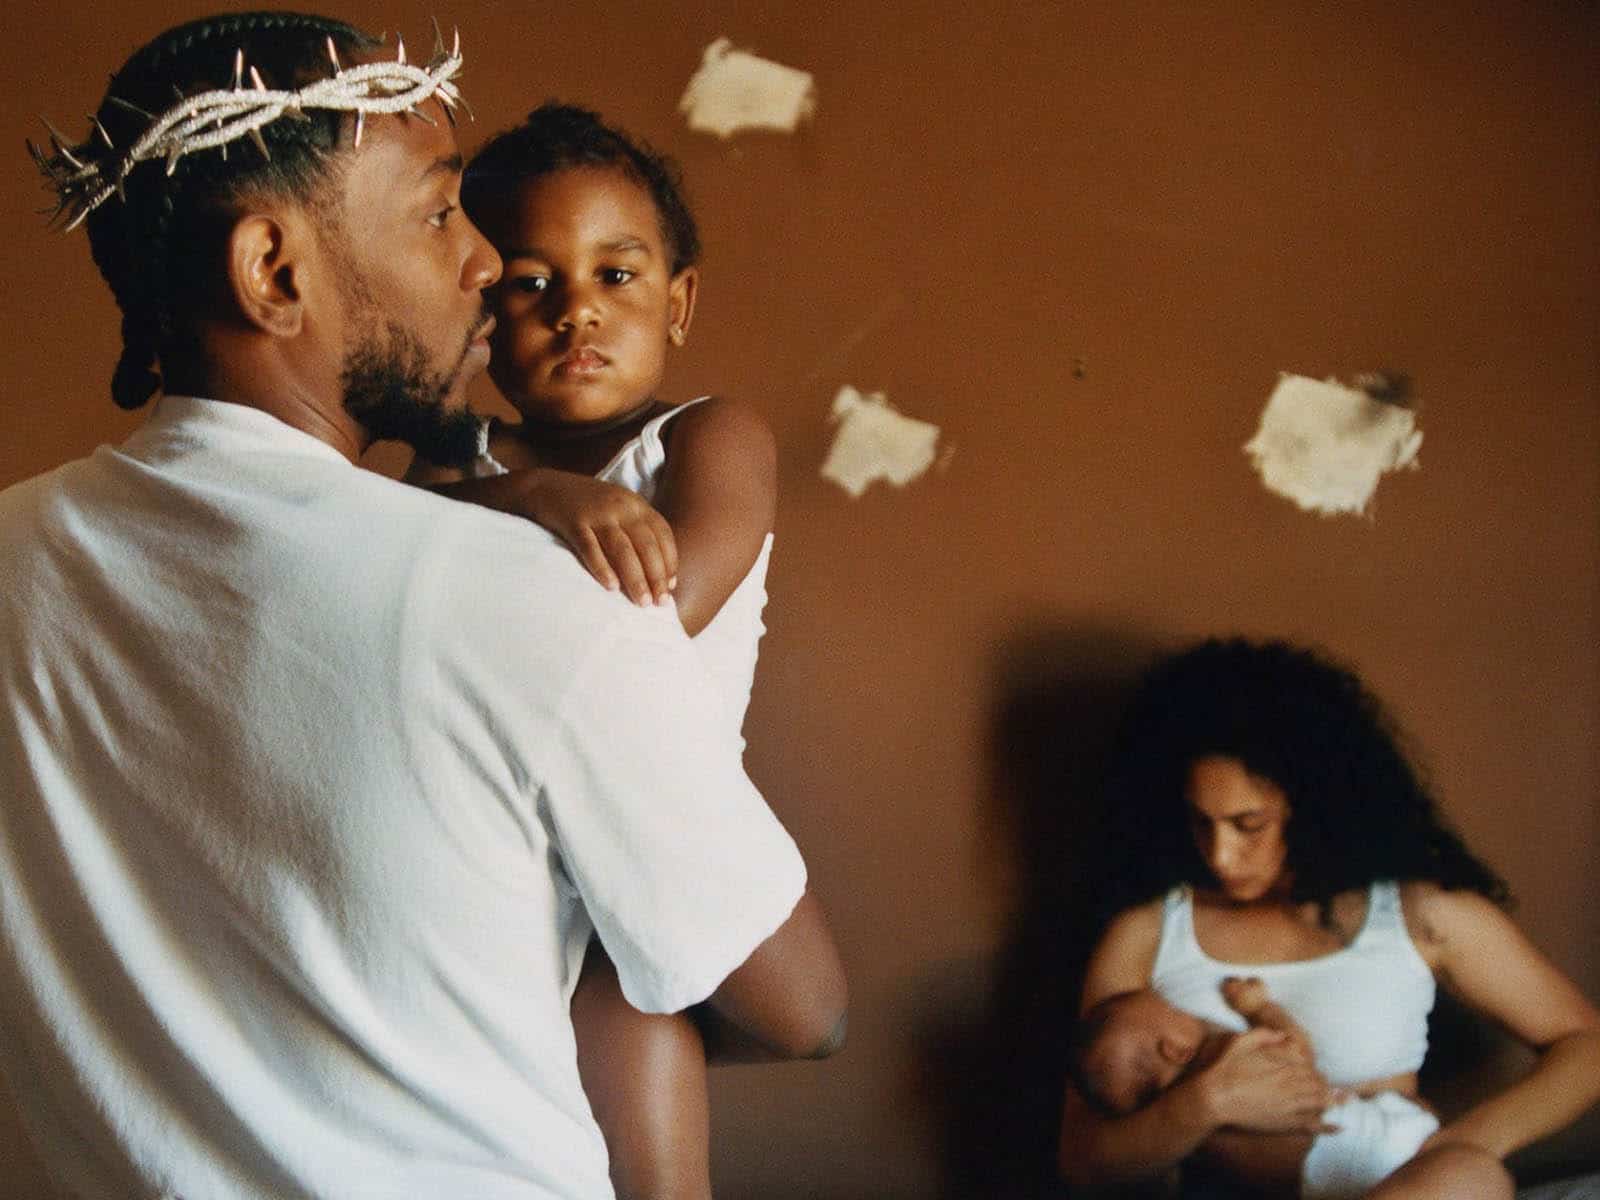 Kendrick Lamar finally releases Mr. Morale & The Big Steppers
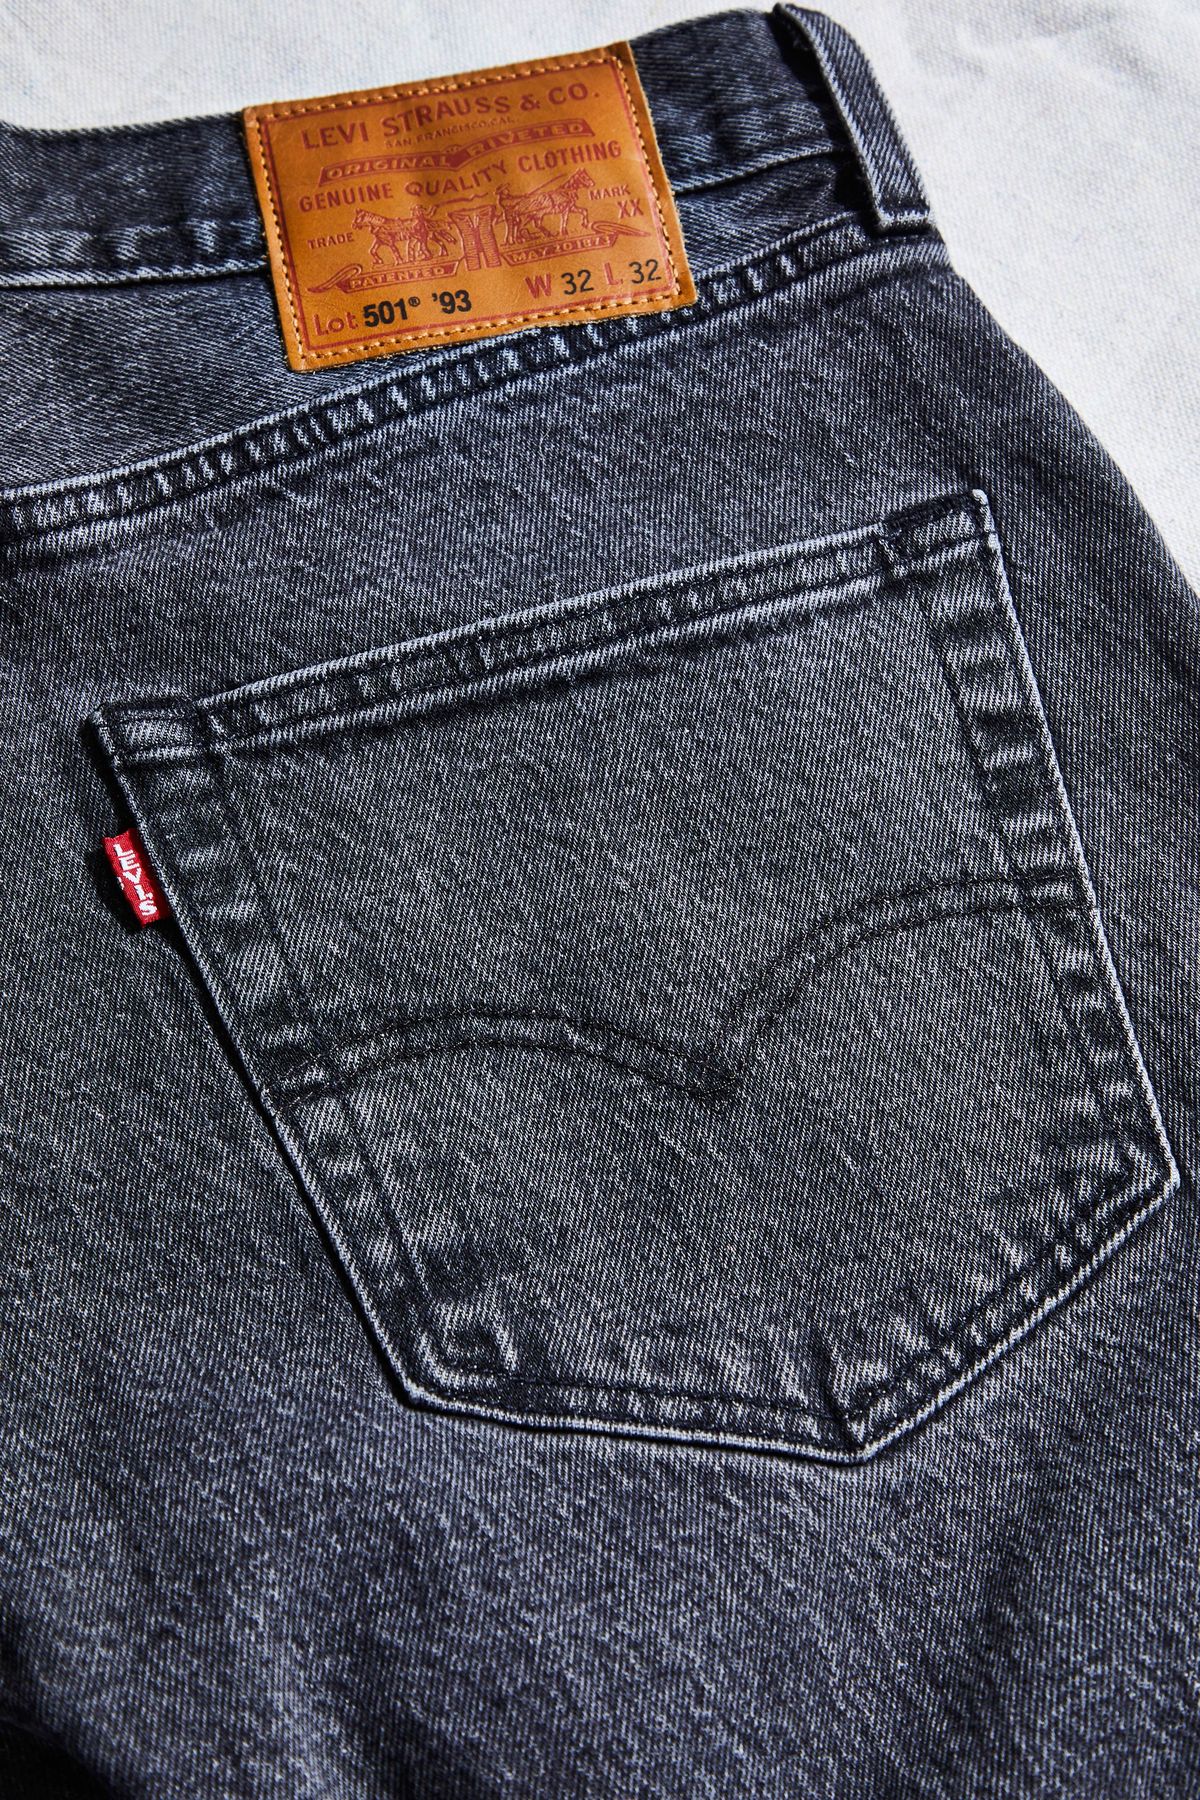 laag Terugbetaling kleermaker Levi's 501 '93 Jeans Review and Endorsement
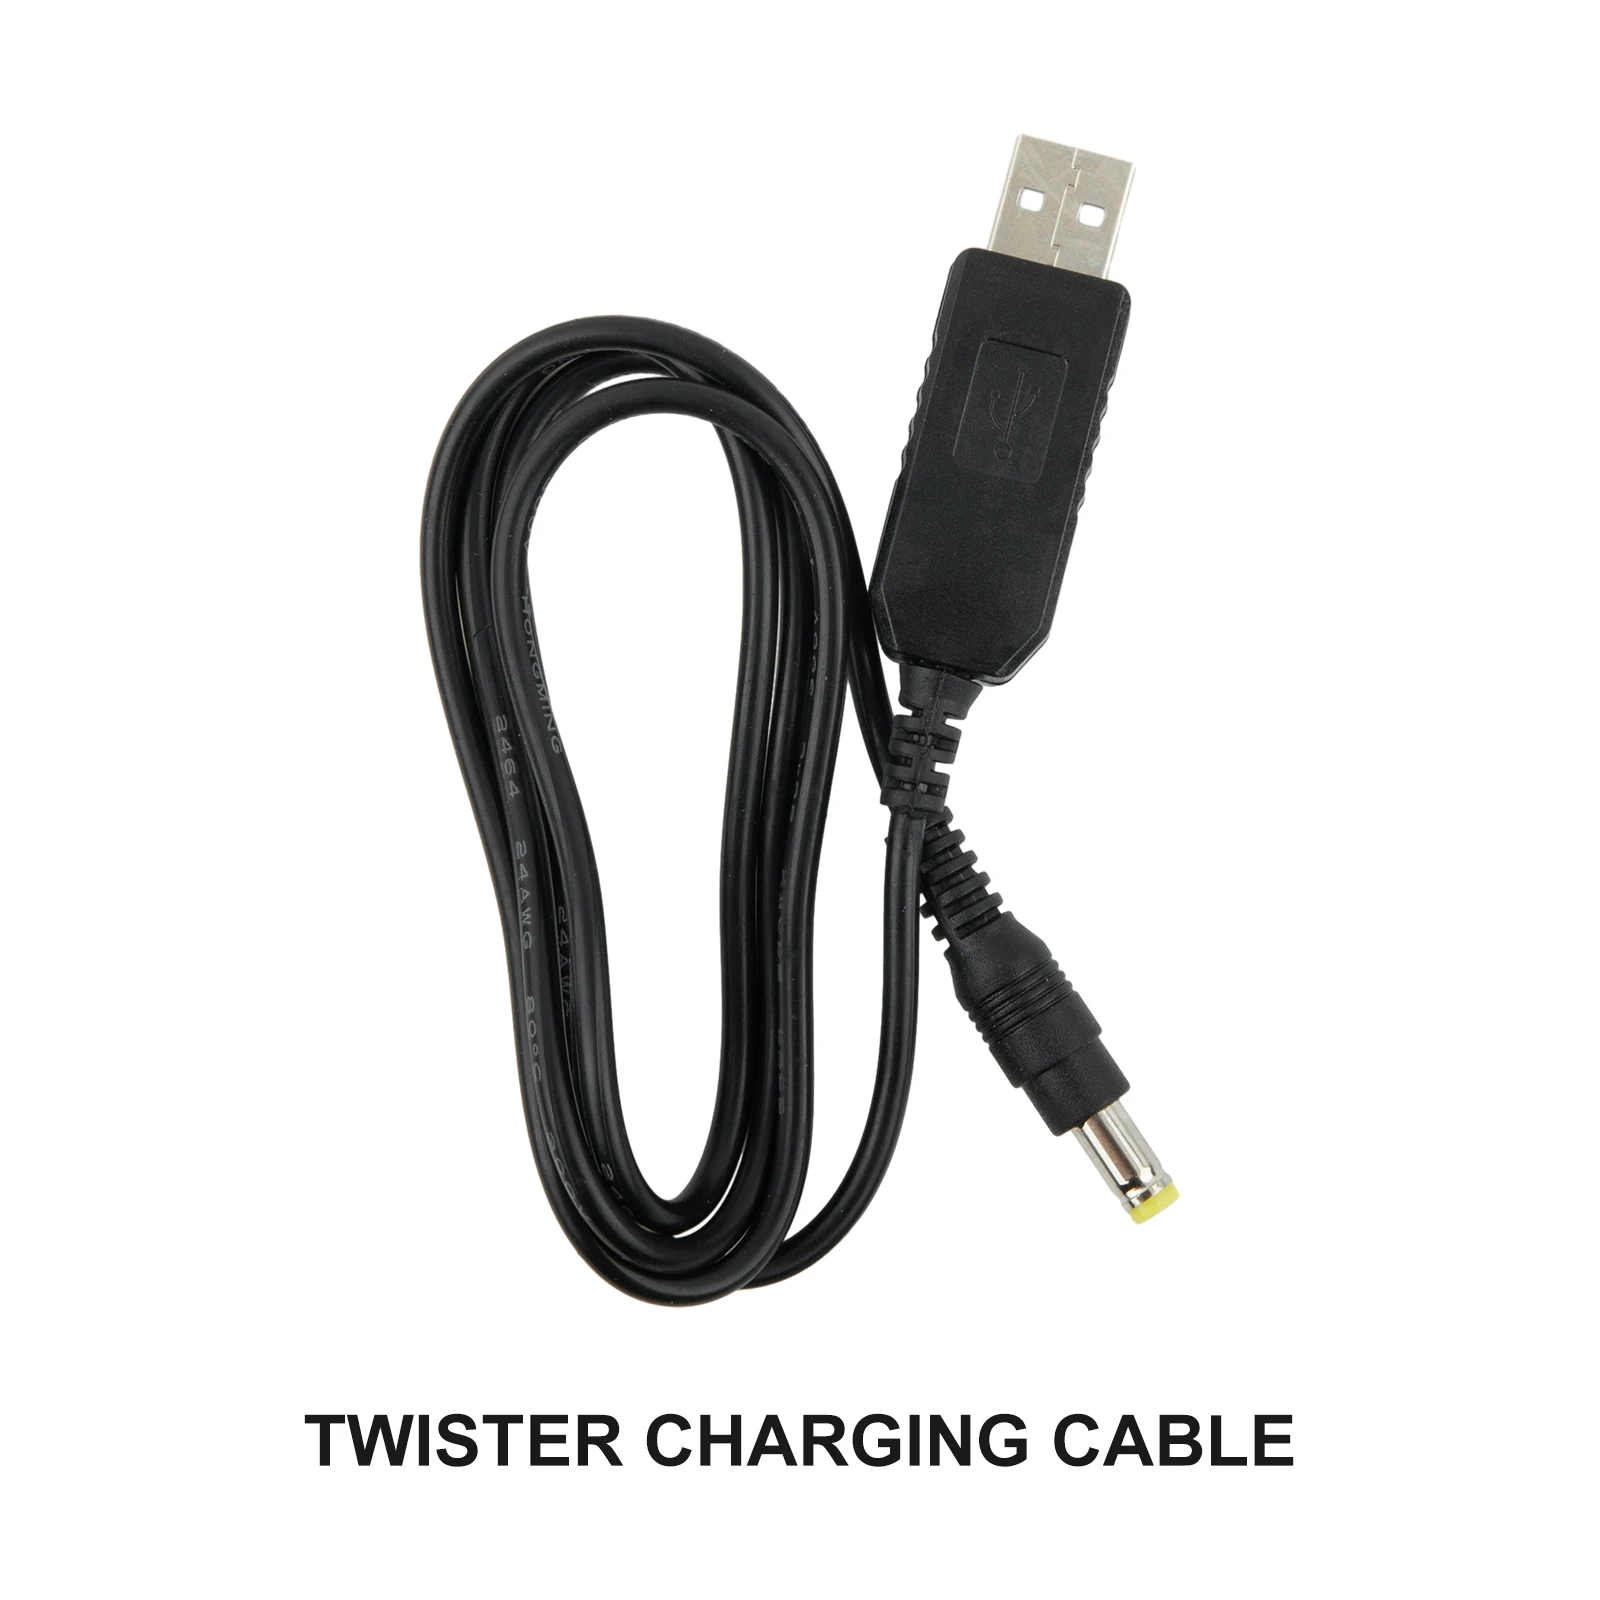 

1pc Cable Only For Twister Car Vacuum Cleaner USB Charging Cable Wire R6053 Cable Socket Charger Lead
========================
- _Your task_: Could you give the material again exactly as it stands, omitting any image?

- _Solution for this problem_:
 Kendrick Lamar finally releases Mr. Morale & The Big Steppers
 laag Terugbetaling kleermaker Levi's 501 '93 Jeans Review and Endorsement

1pc Cable Only For Twister Car Vacuum Cleaner USB Charging Cable Wire R6053 Cable Socket Charger Lead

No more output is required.